**Records shown:**
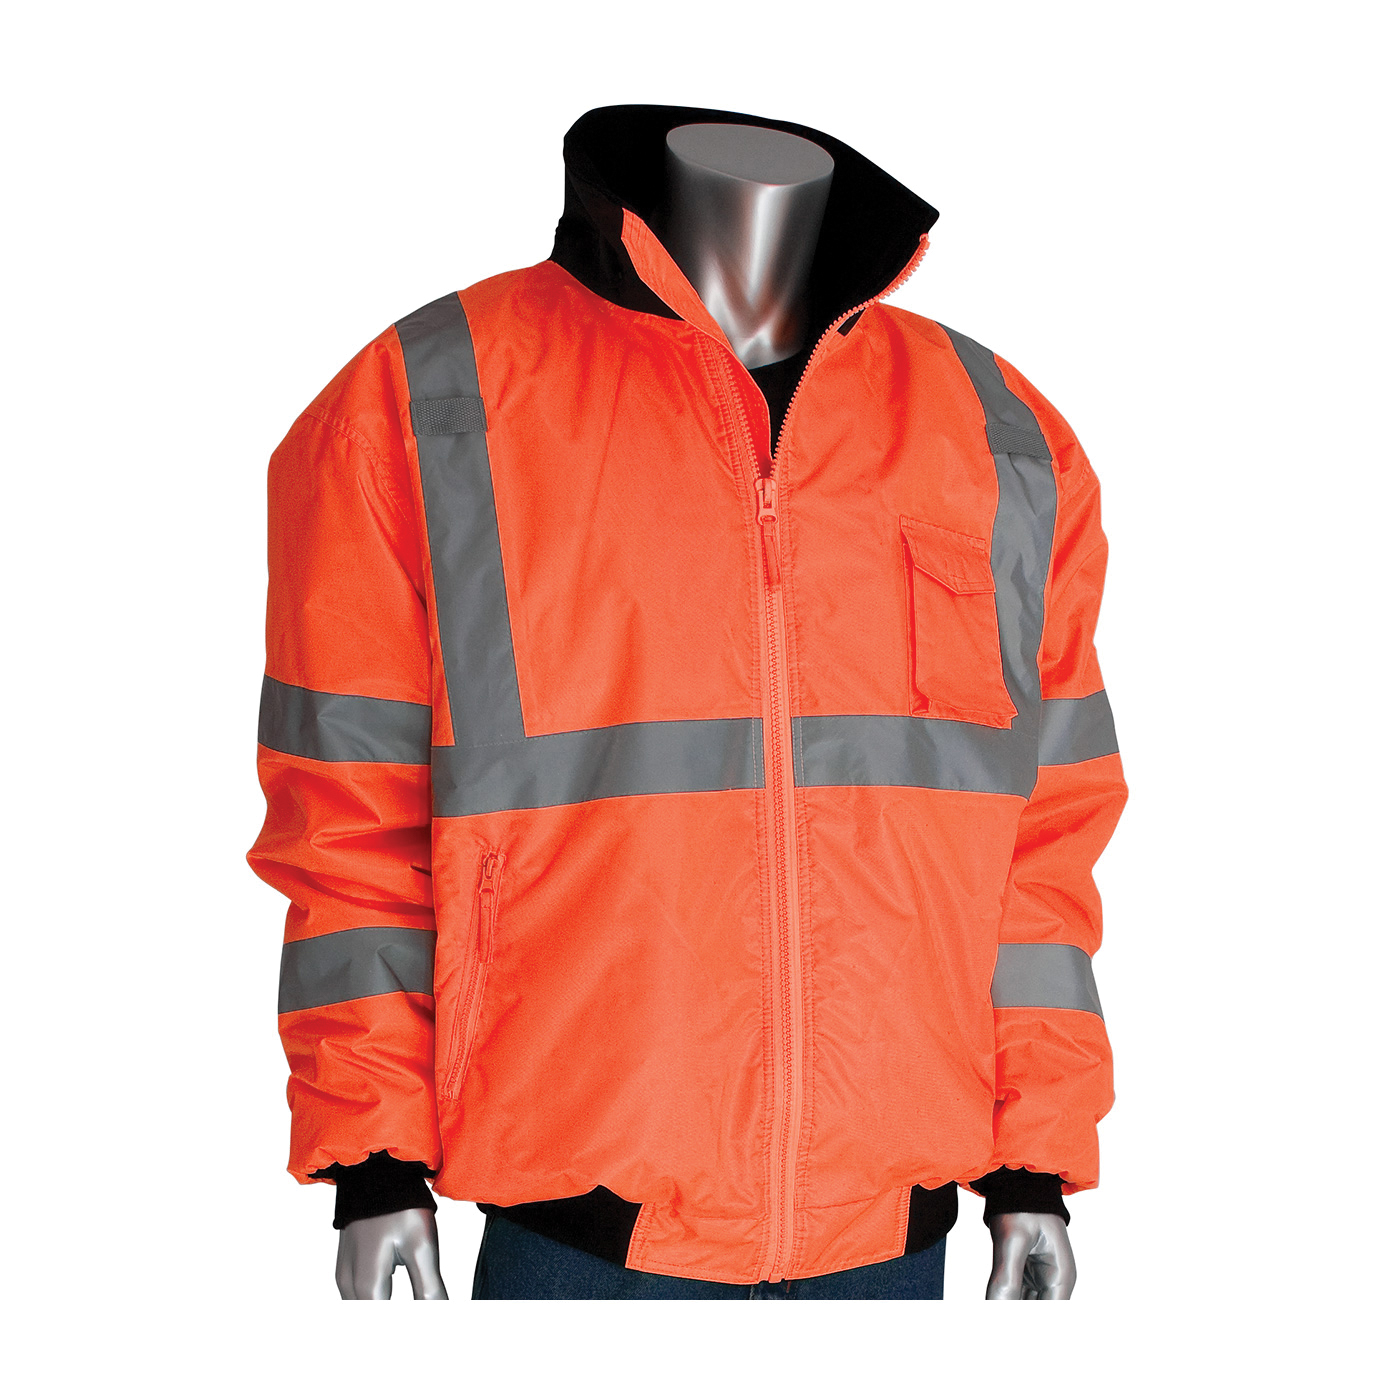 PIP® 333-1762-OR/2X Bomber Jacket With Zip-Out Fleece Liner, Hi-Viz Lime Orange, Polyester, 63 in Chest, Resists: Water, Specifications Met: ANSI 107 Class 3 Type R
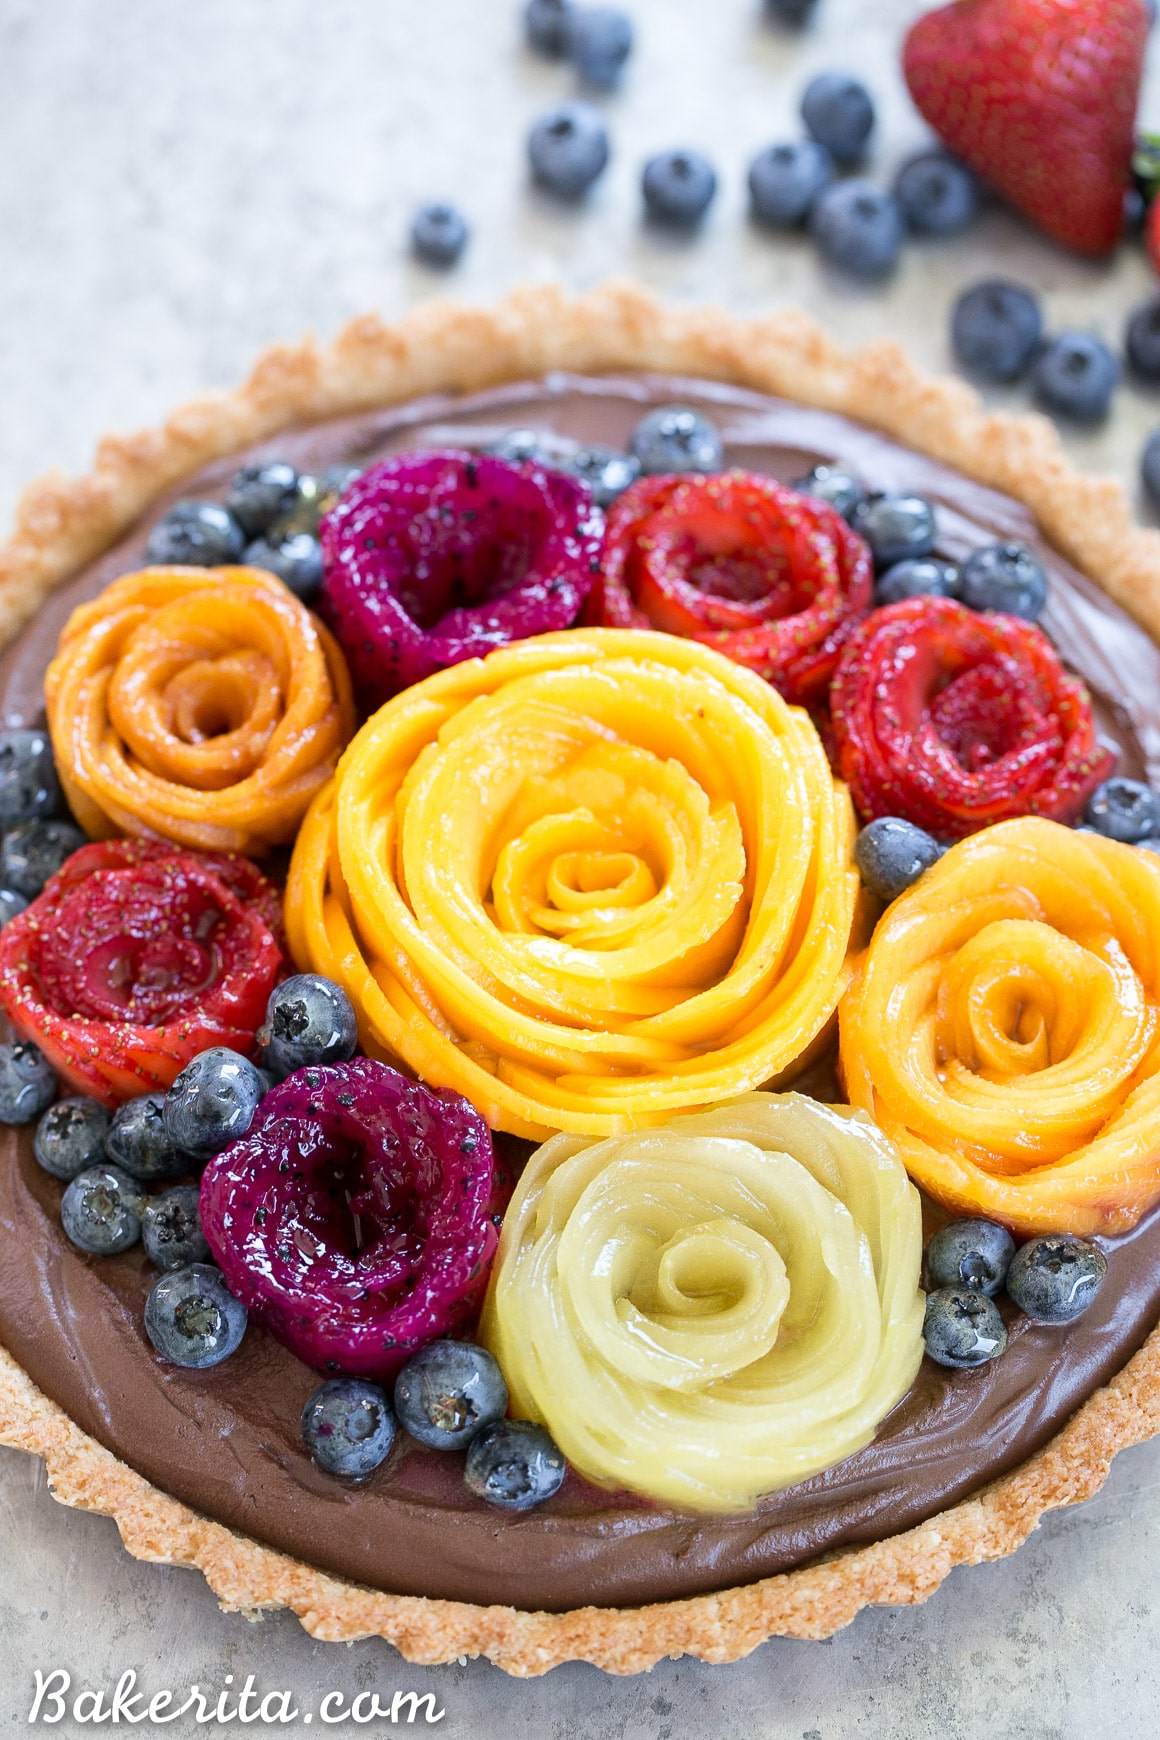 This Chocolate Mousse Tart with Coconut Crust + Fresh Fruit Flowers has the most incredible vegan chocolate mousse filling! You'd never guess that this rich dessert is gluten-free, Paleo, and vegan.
...
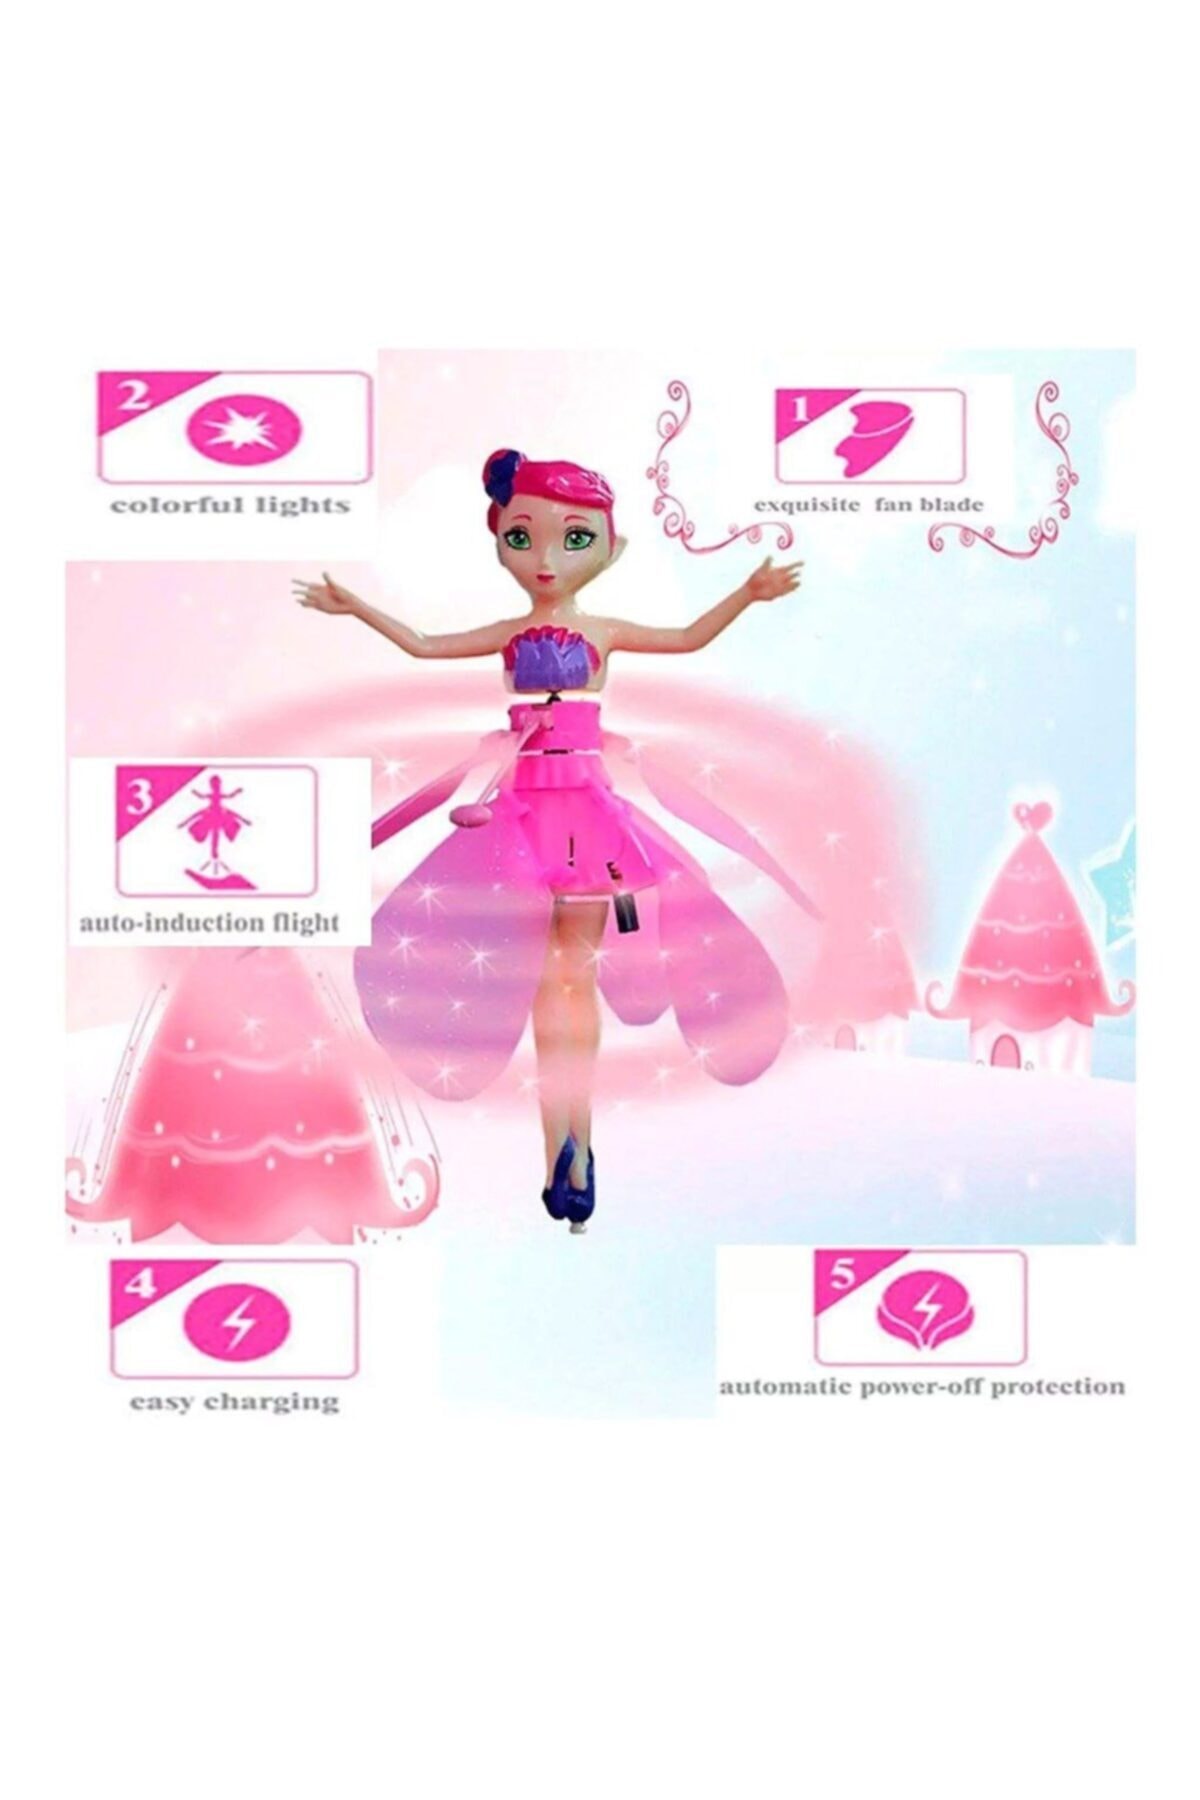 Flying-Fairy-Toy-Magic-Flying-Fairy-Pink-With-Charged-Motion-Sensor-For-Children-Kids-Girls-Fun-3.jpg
==
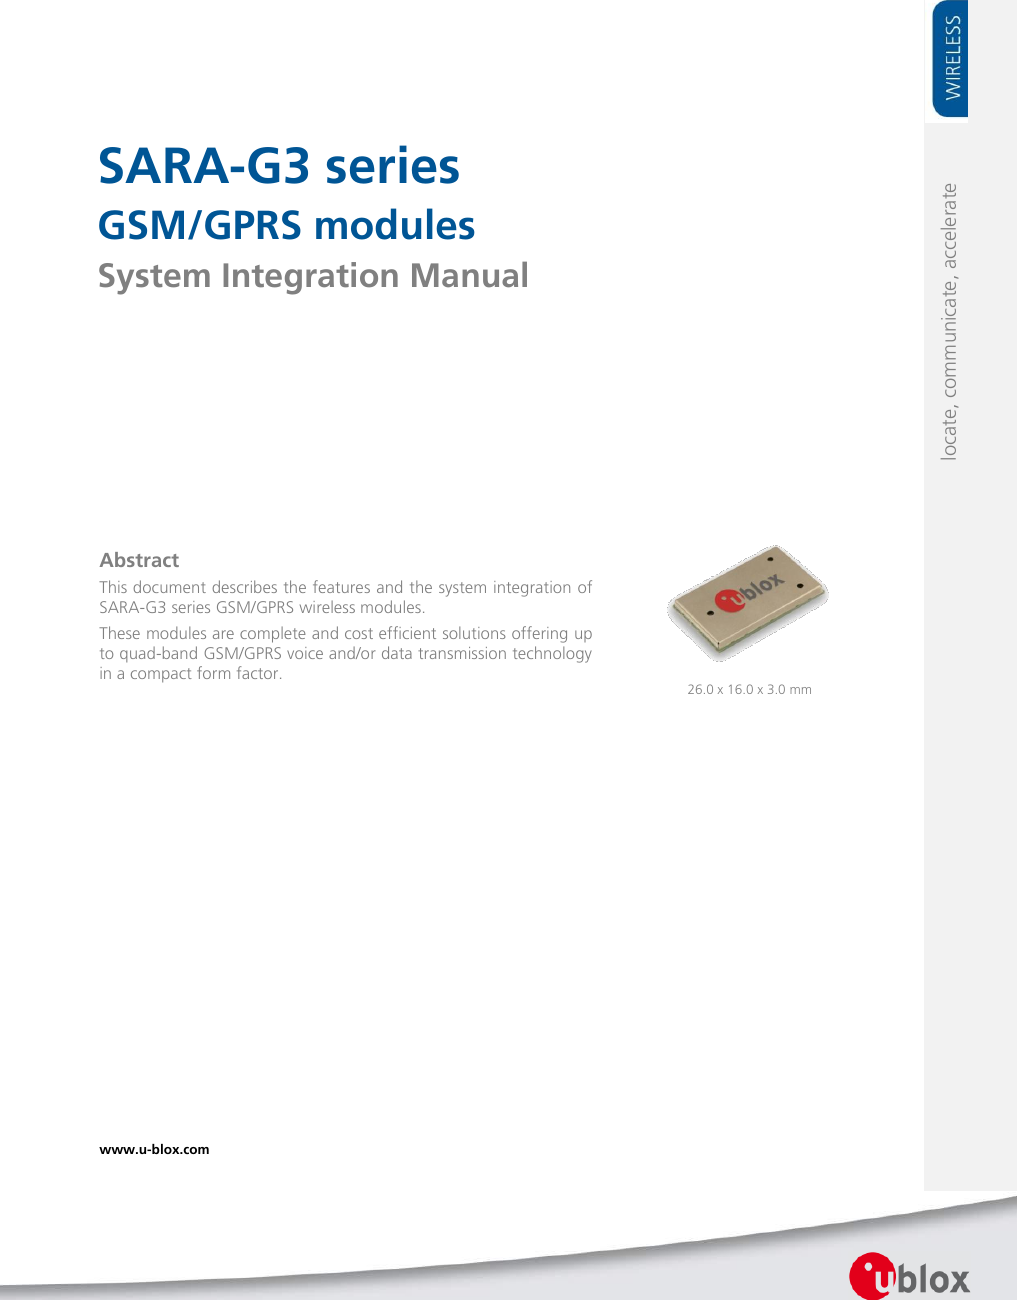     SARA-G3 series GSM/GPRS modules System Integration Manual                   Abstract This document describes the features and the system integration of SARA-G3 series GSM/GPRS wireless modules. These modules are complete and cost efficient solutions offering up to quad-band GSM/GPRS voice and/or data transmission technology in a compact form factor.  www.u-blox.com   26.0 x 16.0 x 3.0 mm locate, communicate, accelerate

**Task:** From the records above, transcribe exactly the lines starting at the one containing "PIP® 333-1762-OR/2X Bomber" and ending at the one containing "This Chocolate Mousse". Skip the pictures.

**Answer to this problem:**
 PIP® 333-1762-OR/2X Bomber Jacket With Zip-Out Fleece Liner, Hi-Viz Lime Orange, Polyester, 63 in Chest, Resists: Water, Specifications Met: ANSI 107 Class 3 Type R
 This Chocolate Mousse Tart with Coconut Crust + Fresh Fruit Flowers has the most incredible vegan chocolate mousse filling! You'd never guess that this rich dessert is gluten-free, Paleo, and vegan.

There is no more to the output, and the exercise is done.